Exercise instructions =>
Please give every line below again exactly, but not its pictures.

Dataset content =>
..............................

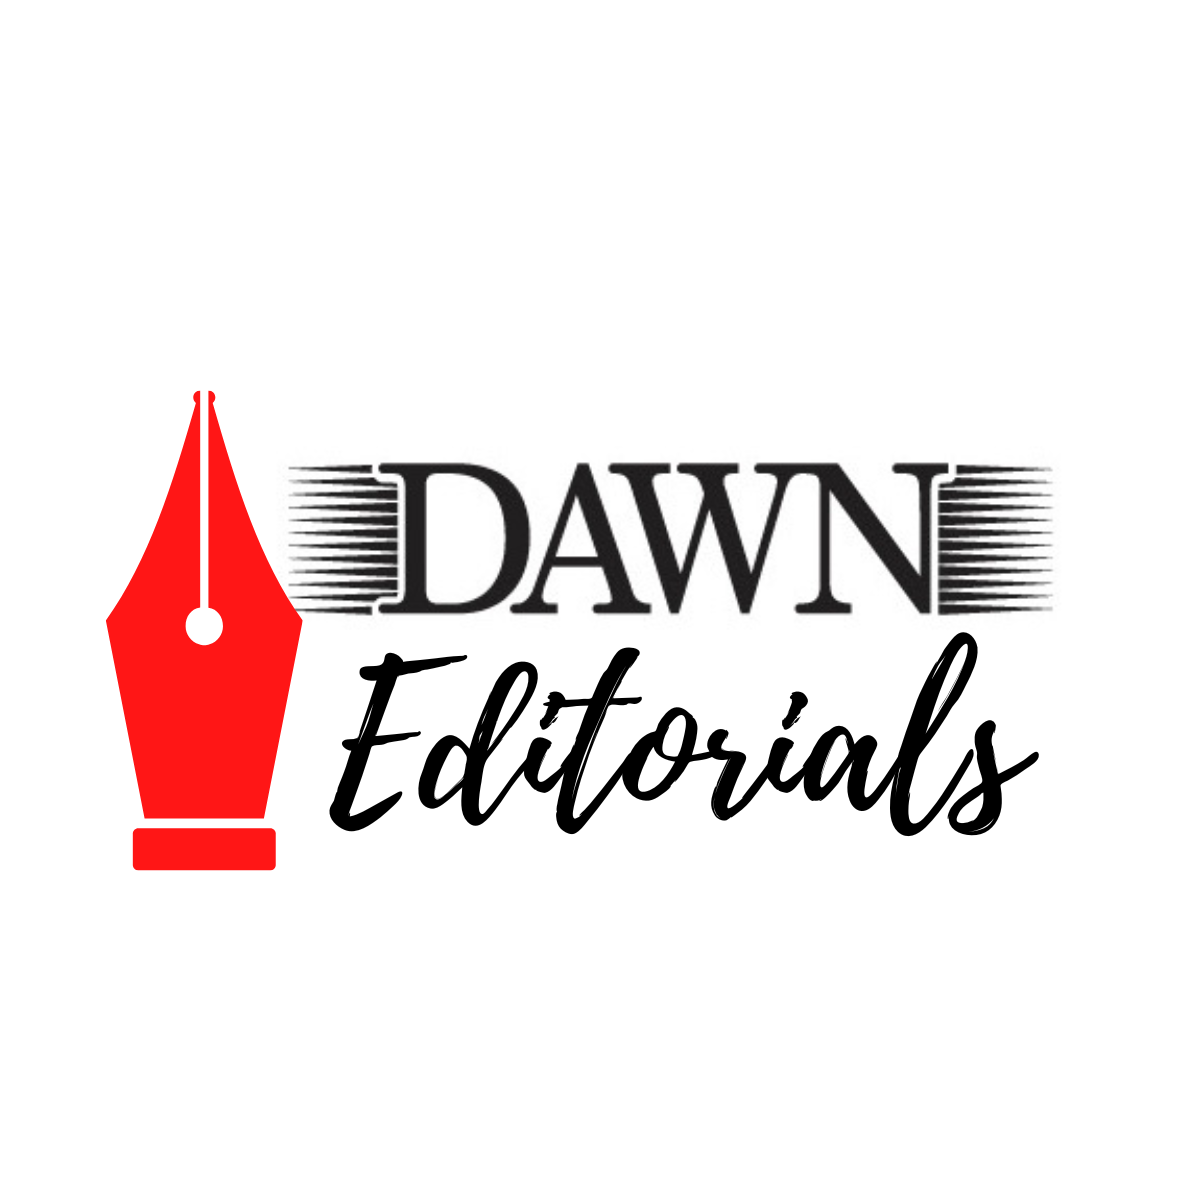 DAWN Editorials
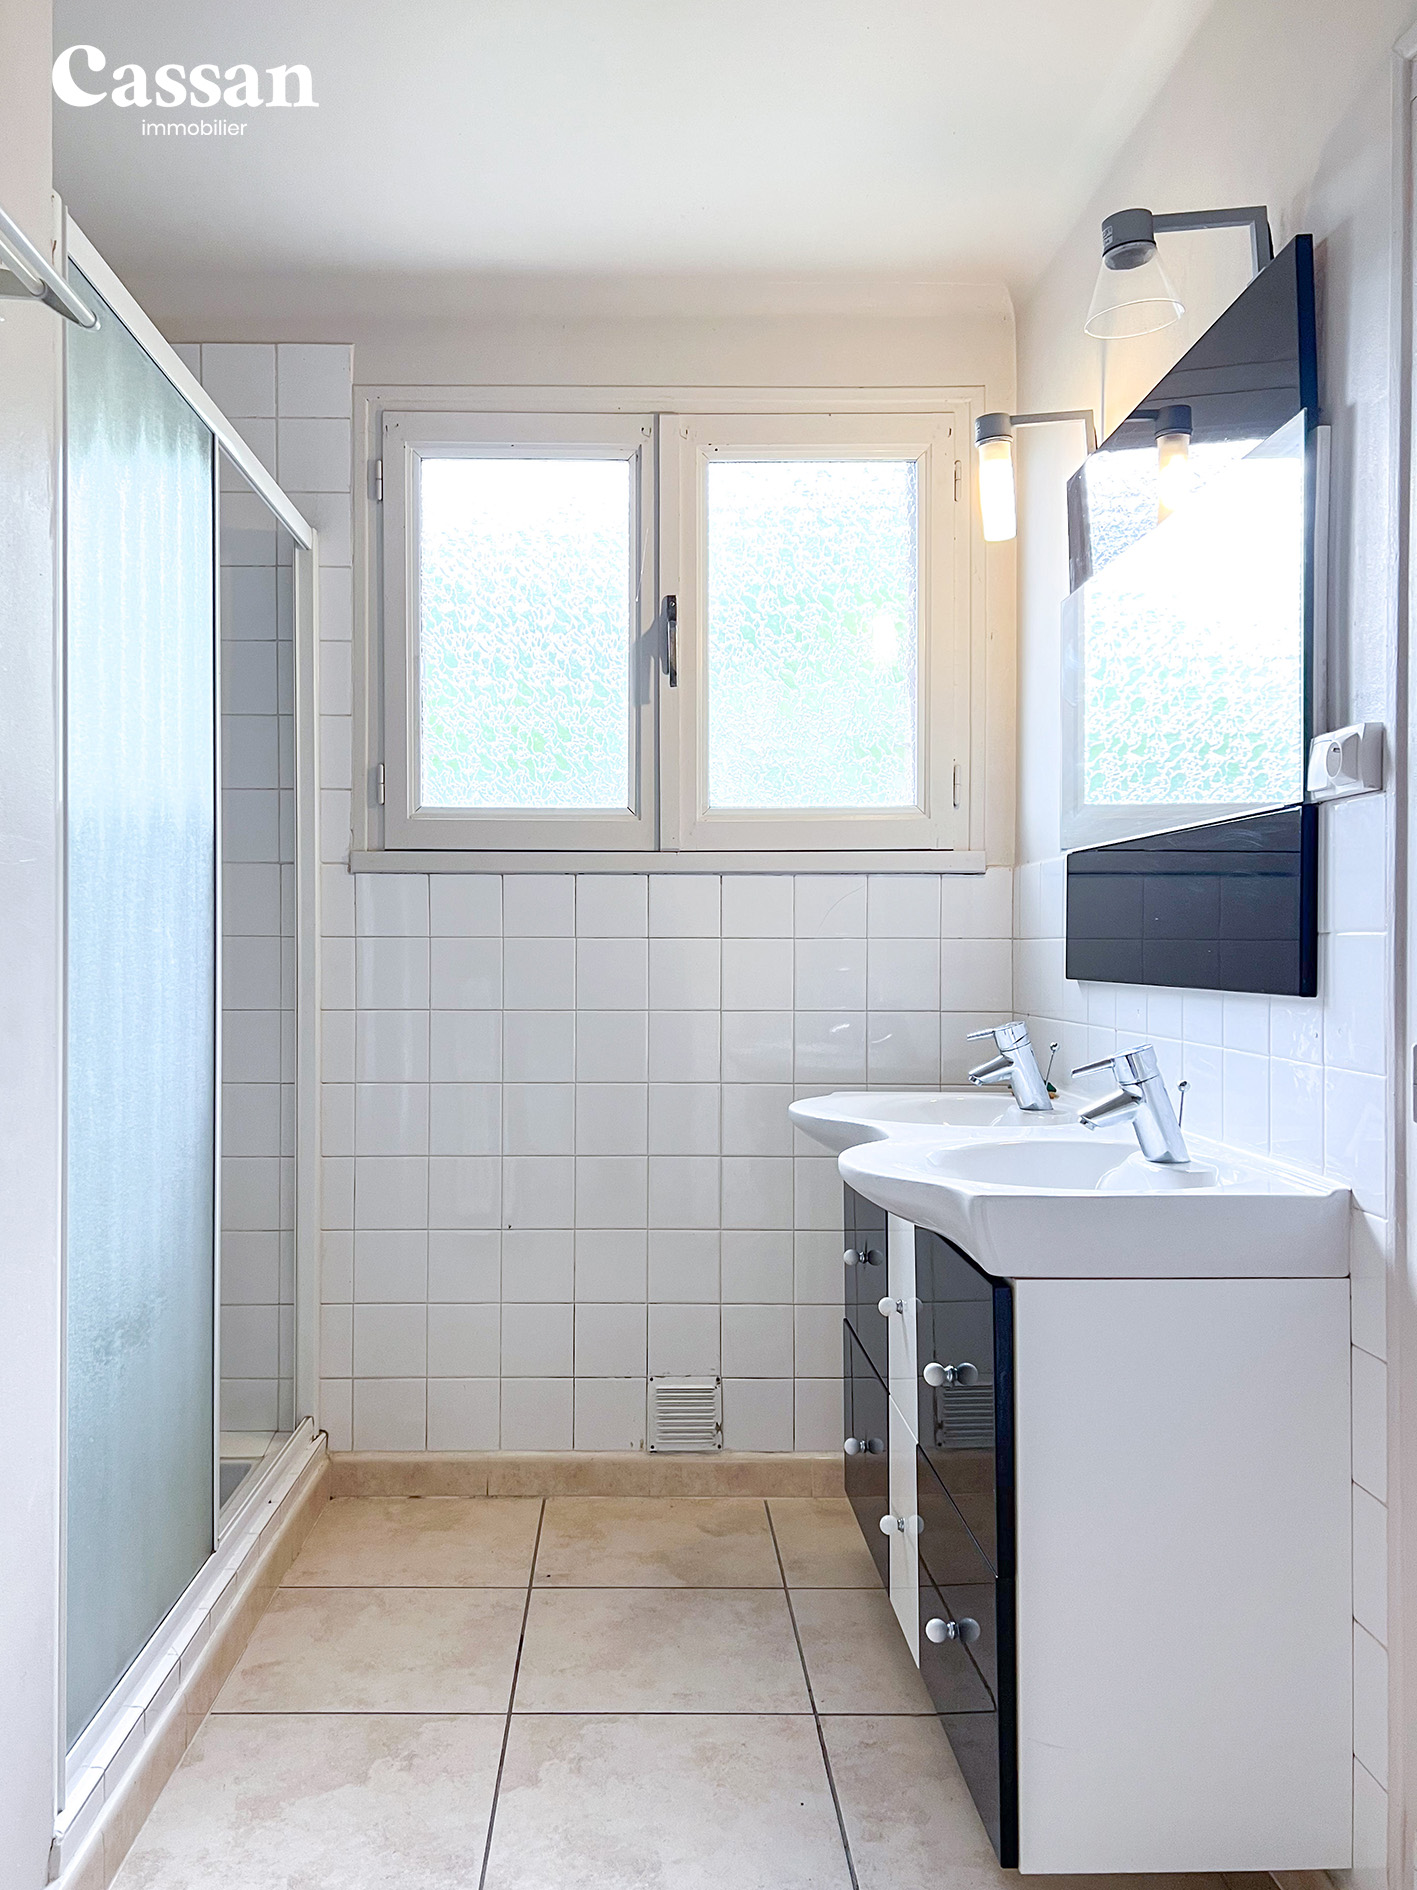 Salle de bain maison à vendre Bex Ytrac Cassan immobilier
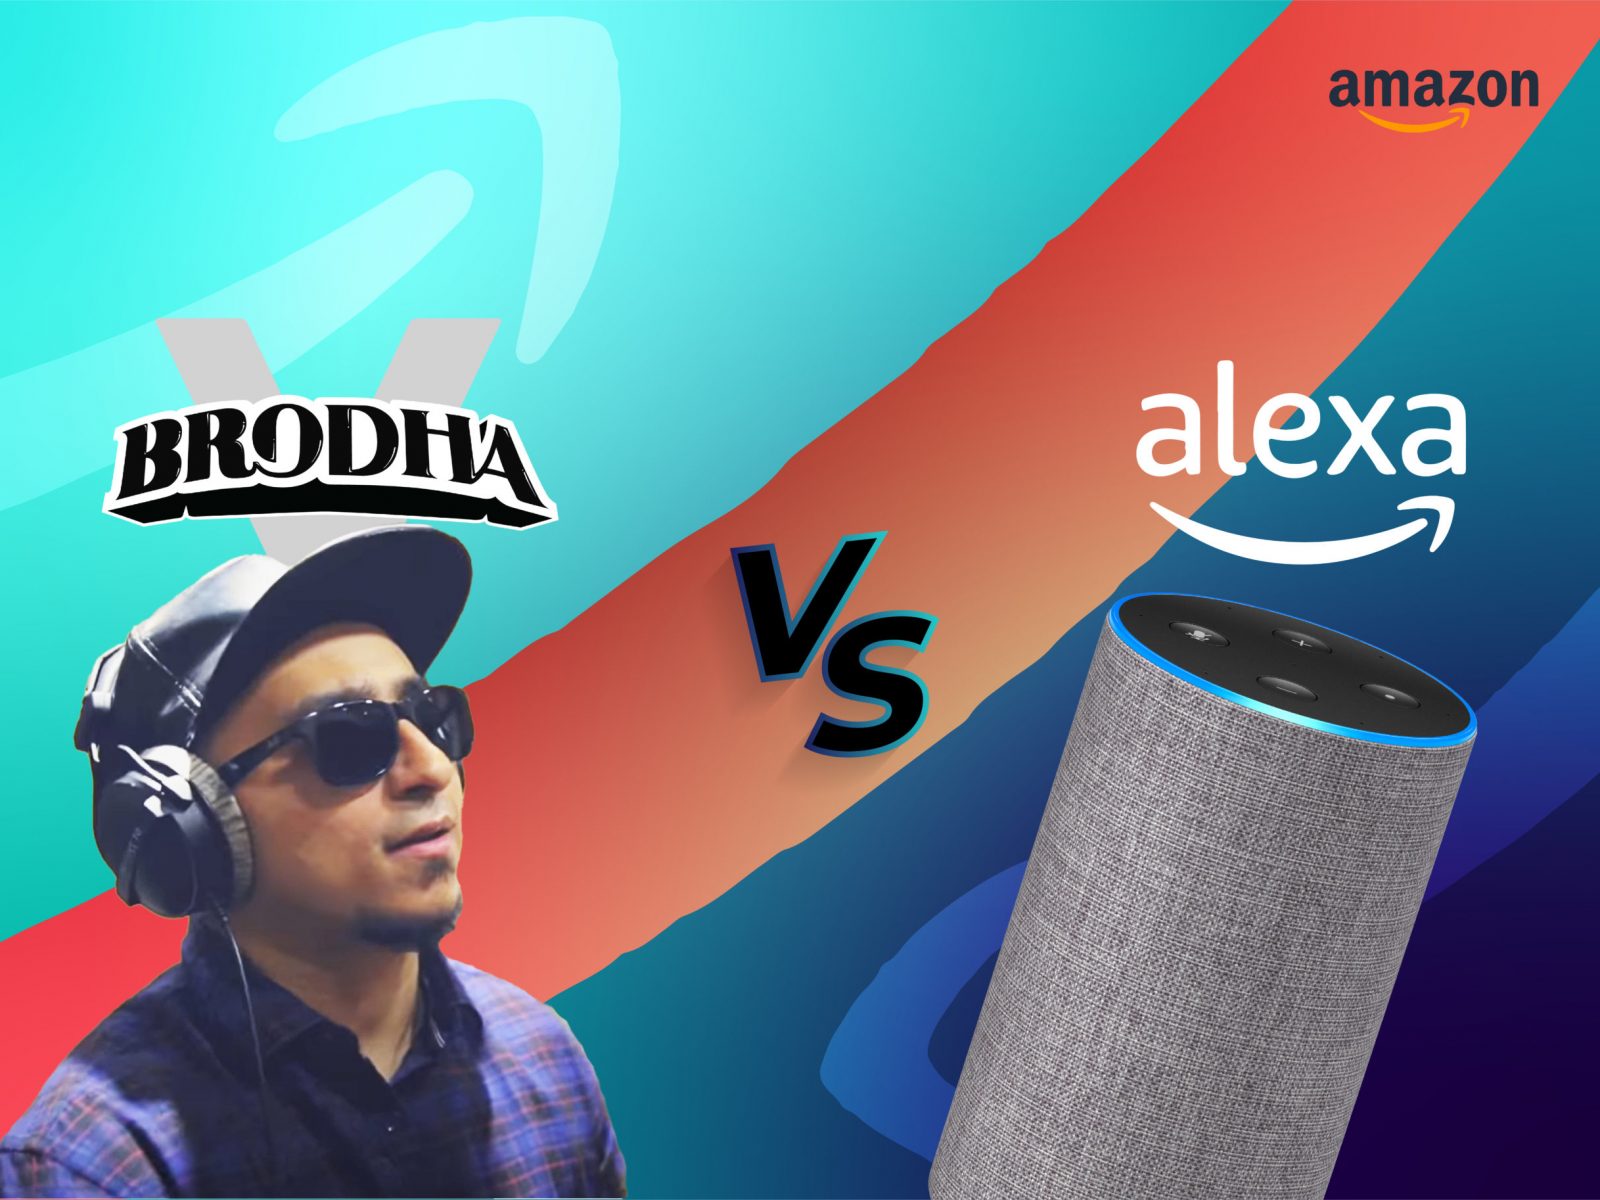 Brodha V vs Alexa-02
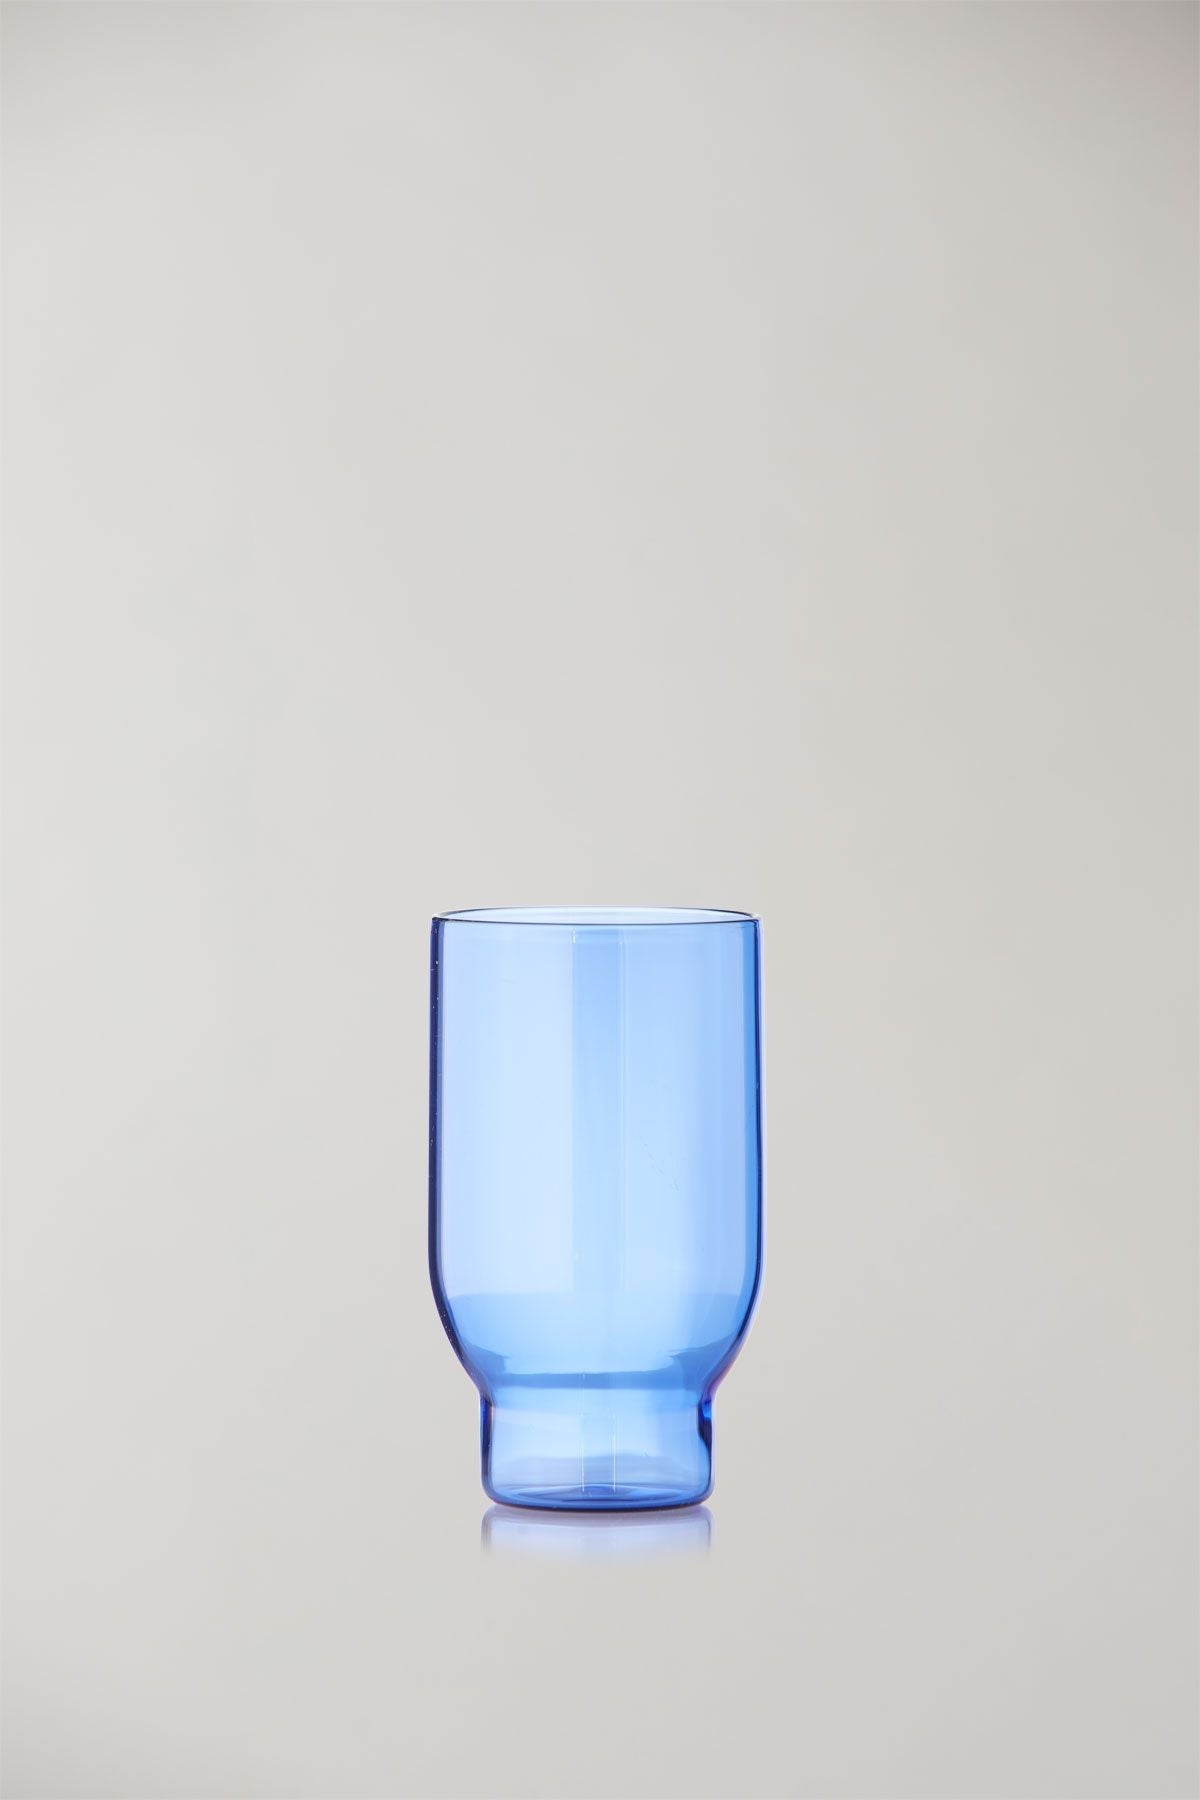 Studio sur l'ensemble de verrerie de 2 verres à eau, bleu

..............................

Solved problem =>
 DAWN Editorials
 Salle de bain maison à vendre Bex Ytrac Cassan immobilier
 Brodha V vs Alexa-02
 Studio sur l'ensemble de verrerie de 2 verres à eau, bleu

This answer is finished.